Puis venaient les édits des magistrats. Chacun d’eux, dans la sphère de ses attributions, publiait, en entrant en charge, ou dans les cas urgents, son édit, qui suppléait aux lacunes des lois ou réglait l’exécution. Ainsi le préteur interprétait les lois, fixait les formes de procédure; l’édile publiait des ordonnances de police, les pontifes prescrivaient les cérémonies du culte, etc. L’impossibilité de convoquer perpétuellement les comices, déjà fort souvent occupés de l’élection annuelle de tous les magistrats, et de faire vivre le peuple souverain sur le Forum et dans le Champ de Mars, finissait par donner une sorte de consécration politique à cette législation inférieure. L’ancienneté d’un édit qu’aucune loi n’avait pas détruit, en faisait comme une loi réelle, et lui donnait droit au respect général.

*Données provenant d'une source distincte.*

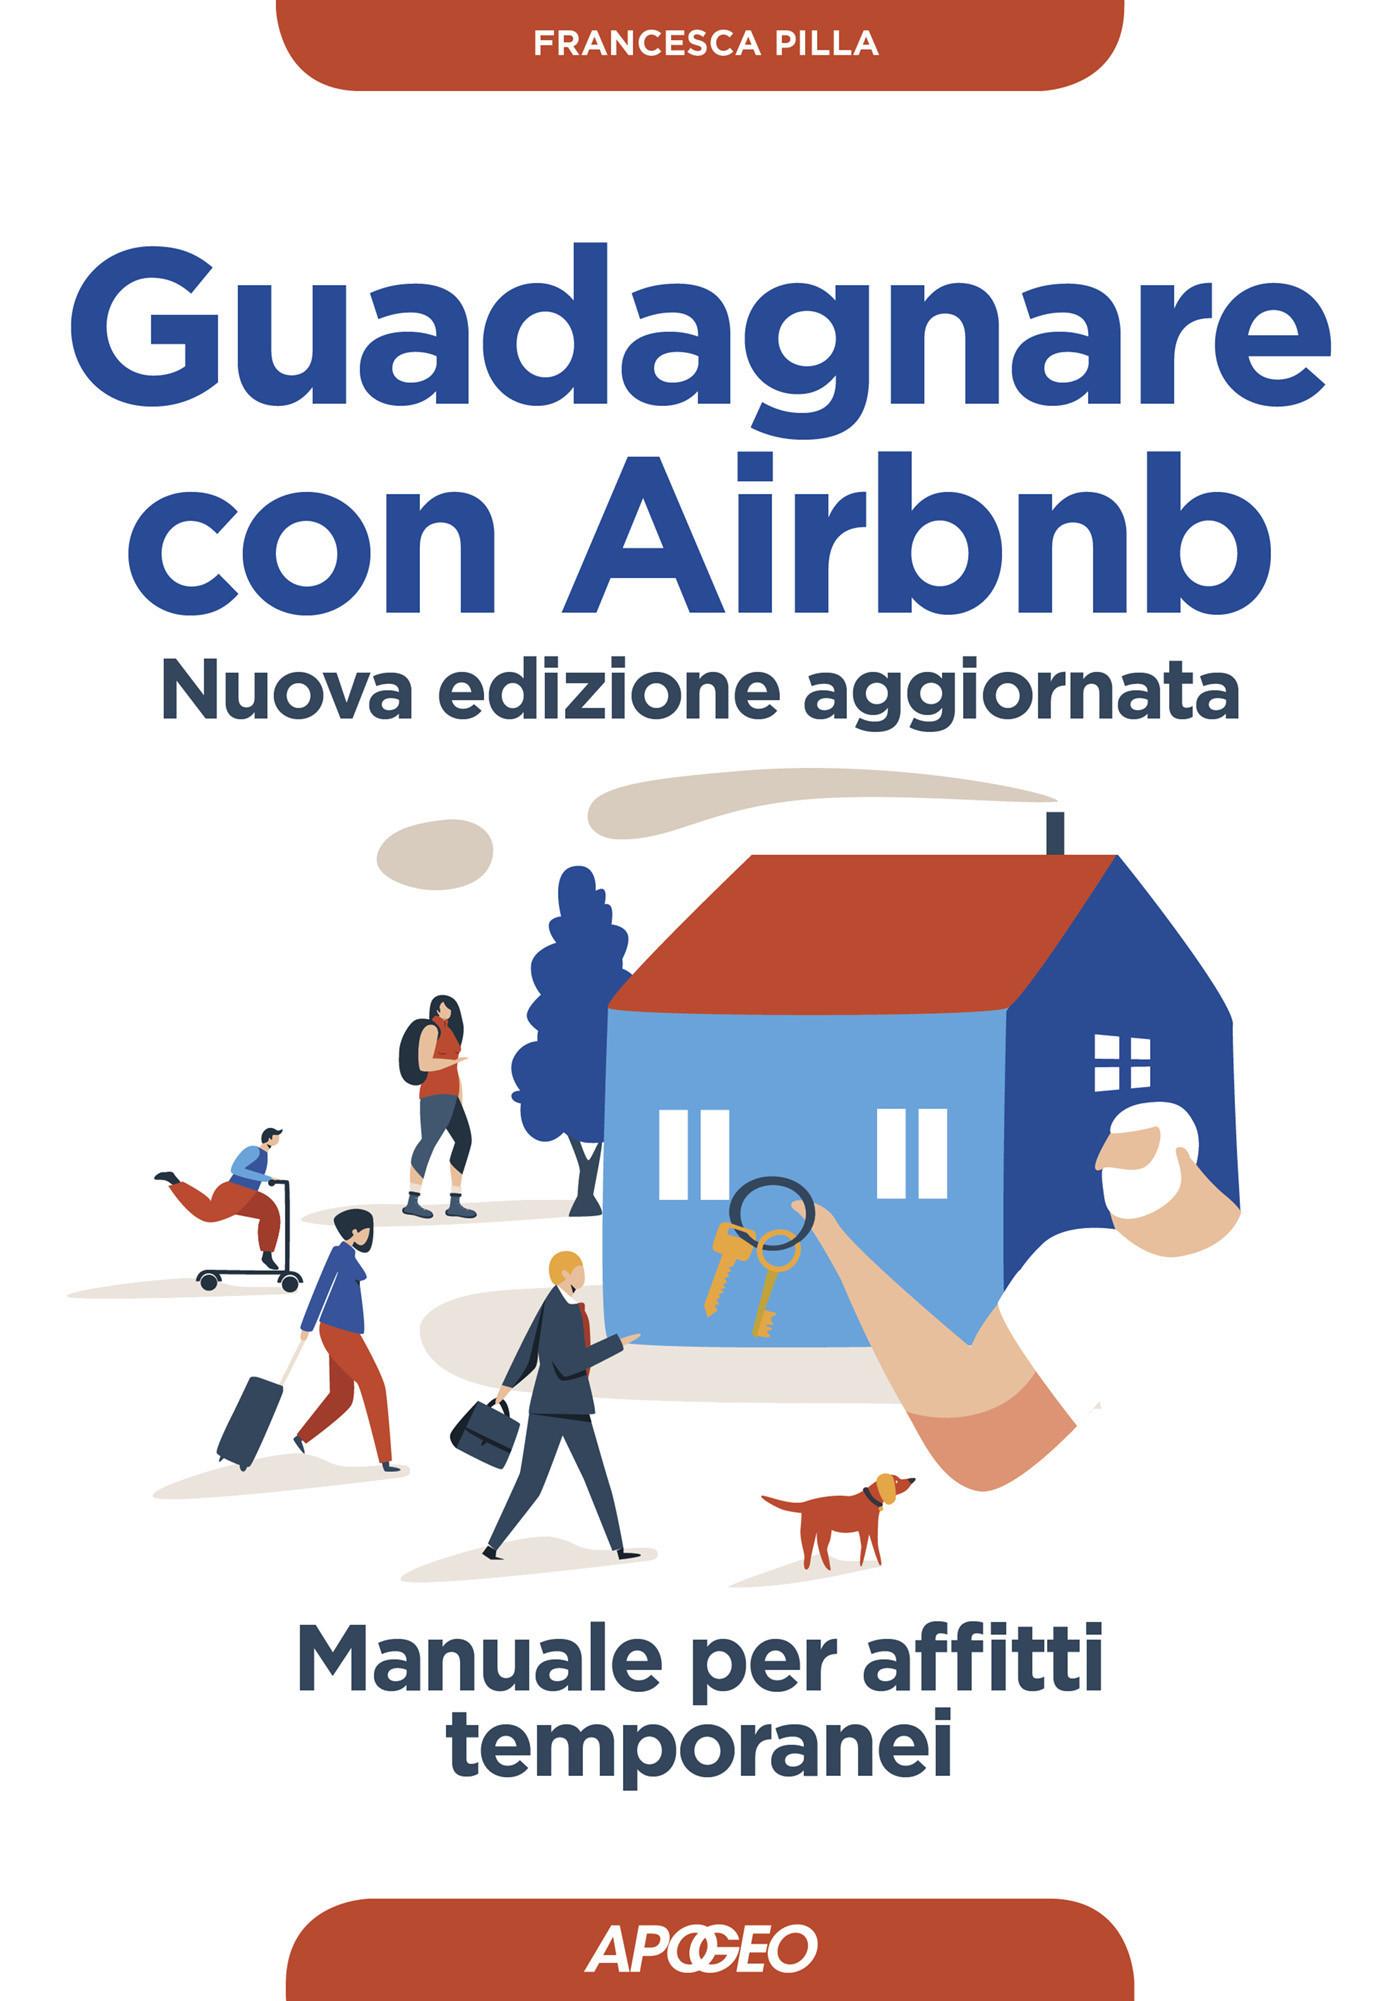 Guadagnare con Airbnb - Manuale per affitti temporanei, di Francesca Pilla
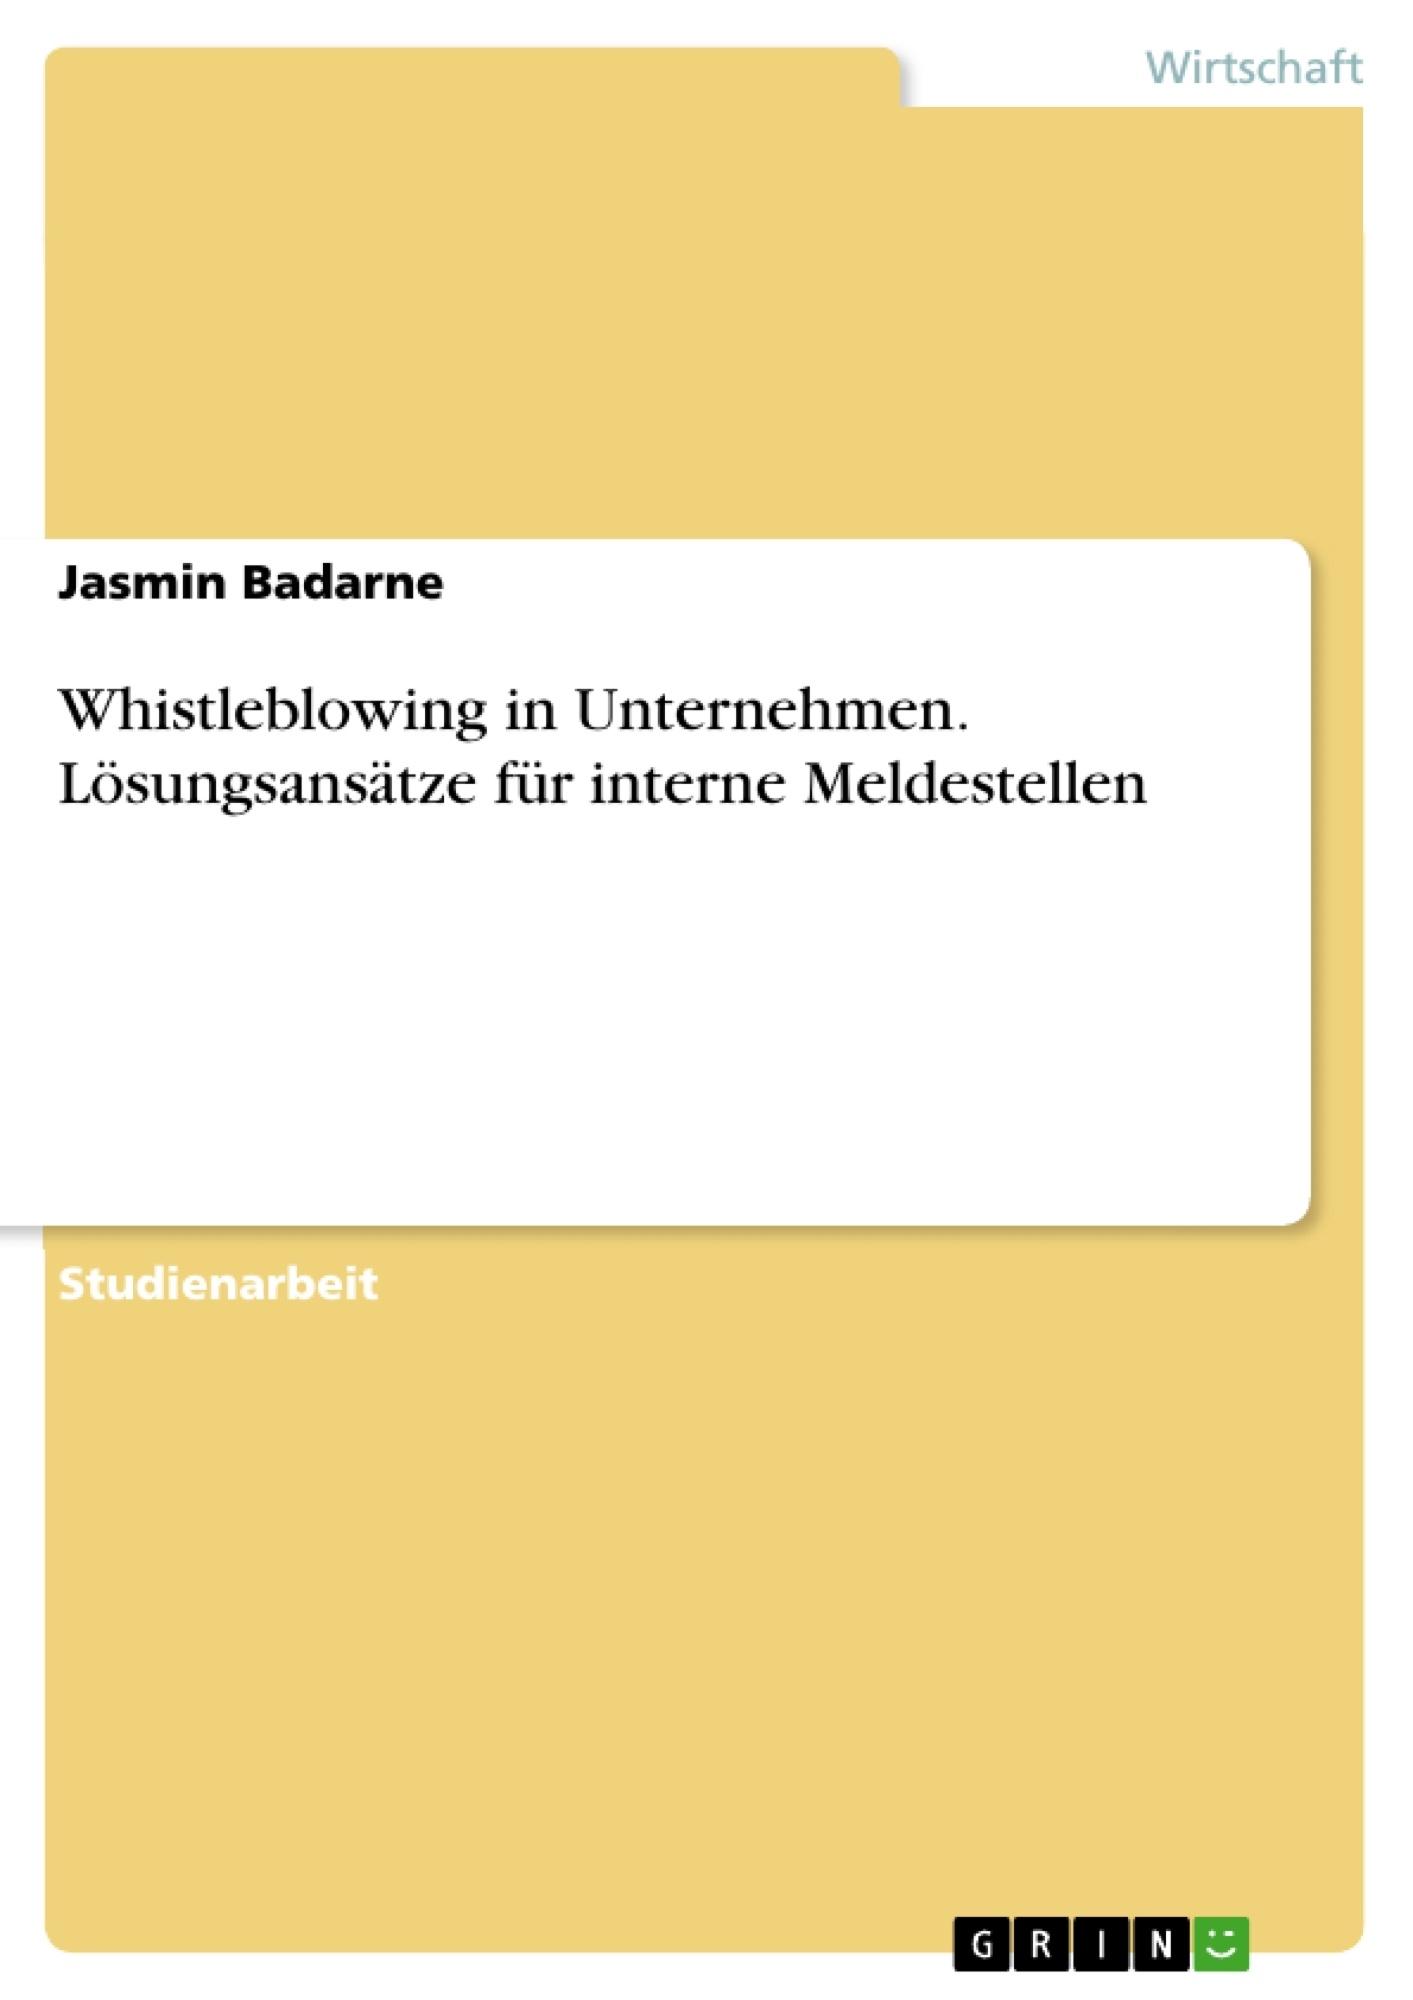 Titel: Whistleblowing in Unternehmen. Lösungsansätze für interne Meldestellen

Ajoutez-y les opinions des jurisconsultes (responsa prudentum), dont le pouvoir fut longtemps immense chez une nation longtemps ignorante; opinions diverses, souvent même contradictoires et pourtant toujours considérées; opinions que rendait nécessaires l’obscurité toujours croissante des lois des XII Tables, dont on commençait à ne plus comprendre le langage, et qui pourtant faisaient la base de la législation politique et civile des romains. Ajoutez-y, en outre, les formules impératives que l’habileté des patriciens avait su joindre aux vielles lois, pour les appliquer à leur gré, selon les besoins du pouvoir, formules que le sénat tint cachées pendant longtemps et qui ne devinrent publiques que par d’indiscrètes révélations, et encore à une époque où la vénération des romains pour les vielles choses les entourait d’une sorte de considération mystérieuse1.

1. Ce fut Cn. Flavius, scribe d’Appius Claudius Caecus, qui divulgua le premier ces formules, l’an 440. Le peuple, en reconnaissance, l’élira édile, puis préteur, et le recueil publié fut appelé Jus civile Flavianum.